--- Records Enclosed Below ---
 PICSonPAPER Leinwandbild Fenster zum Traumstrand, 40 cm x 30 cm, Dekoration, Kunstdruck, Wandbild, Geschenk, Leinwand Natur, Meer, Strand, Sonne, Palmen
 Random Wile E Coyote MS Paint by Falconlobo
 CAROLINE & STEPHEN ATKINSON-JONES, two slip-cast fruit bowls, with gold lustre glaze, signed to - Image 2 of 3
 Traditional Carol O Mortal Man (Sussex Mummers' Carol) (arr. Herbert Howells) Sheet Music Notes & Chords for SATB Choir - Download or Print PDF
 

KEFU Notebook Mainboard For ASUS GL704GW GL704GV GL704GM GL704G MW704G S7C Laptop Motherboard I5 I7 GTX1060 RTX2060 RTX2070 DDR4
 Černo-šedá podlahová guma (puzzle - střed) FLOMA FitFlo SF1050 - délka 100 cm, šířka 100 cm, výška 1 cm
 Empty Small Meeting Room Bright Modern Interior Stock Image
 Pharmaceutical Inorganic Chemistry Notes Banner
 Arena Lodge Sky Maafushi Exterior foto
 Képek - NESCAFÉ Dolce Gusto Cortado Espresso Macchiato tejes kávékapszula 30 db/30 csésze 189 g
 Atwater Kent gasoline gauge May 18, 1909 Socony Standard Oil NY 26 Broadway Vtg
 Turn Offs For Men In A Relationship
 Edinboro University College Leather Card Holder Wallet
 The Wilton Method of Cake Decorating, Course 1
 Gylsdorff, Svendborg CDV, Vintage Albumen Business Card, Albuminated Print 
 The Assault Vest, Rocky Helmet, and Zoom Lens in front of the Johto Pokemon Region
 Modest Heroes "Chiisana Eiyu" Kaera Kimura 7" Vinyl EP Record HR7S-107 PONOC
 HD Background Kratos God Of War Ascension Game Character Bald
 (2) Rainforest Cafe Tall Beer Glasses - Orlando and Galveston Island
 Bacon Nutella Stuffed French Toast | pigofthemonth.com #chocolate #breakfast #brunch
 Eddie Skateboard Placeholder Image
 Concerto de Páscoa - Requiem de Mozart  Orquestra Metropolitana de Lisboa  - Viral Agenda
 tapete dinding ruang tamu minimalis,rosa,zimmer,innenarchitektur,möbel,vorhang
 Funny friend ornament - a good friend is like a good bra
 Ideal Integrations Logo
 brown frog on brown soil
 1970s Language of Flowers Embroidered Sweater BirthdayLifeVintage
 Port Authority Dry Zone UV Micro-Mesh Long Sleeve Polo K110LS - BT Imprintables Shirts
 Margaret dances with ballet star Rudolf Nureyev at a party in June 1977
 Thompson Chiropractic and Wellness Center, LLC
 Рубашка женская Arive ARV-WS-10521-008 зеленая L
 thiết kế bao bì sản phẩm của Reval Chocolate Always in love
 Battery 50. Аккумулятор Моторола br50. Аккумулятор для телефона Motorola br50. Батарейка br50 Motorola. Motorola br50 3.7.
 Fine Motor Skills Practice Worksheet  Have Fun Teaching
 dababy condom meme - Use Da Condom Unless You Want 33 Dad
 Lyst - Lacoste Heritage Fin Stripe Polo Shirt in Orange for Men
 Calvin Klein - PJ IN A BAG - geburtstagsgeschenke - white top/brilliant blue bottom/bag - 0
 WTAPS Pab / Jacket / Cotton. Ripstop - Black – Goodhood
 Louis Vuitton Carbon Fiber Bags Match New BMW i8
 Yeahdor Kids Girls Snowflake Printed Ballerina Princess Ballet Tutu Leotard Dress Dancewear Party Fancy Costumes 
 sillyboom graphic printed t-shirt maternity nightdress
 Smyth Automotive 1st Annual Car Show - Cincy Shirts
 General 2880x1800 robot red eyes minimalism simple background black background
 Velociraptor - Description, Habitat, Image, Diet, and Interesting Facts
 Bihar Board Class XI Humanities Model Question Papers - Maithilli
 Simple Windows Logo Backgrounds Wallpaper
--- End of Enclosed Records ---
* Problem description
Repeat exactly the lines from the one containing "Calvin Klein - PJ" through the last line of the records above, both included, and nothing else.

* Finished exercise
 Calvin Klein - PJ IN A BAG - geburtstagsgeschenke - white top/brilliant blue bottom/bag - 0
 WTAPS Pab / Jacket / Cotton. Ripstop - Black – Goodhood
 Louis Vuitton Carbon Fiber Bags Match New BMW i8
 Yeahdor Kids Girls Snowflake Printed Ballerina Princess Ballet Tutu Leotard Dress Dancewear Party Fancy Costumes 
 sillyboom graphic printed t-shirt maternity nightdress
 Smyth Automotive 1st Annual Car Show - Cincy Shirts
 General 2880x1800 robot red eyes minimalism simple background black background
 Velociraptor - Description, Habitat, Image, Diet, and Interesting Facts
 Bihar Board Class XI Humanities Model Question Papers - Maithilli
 Simple Windows Logo Backgrounds Wallpaper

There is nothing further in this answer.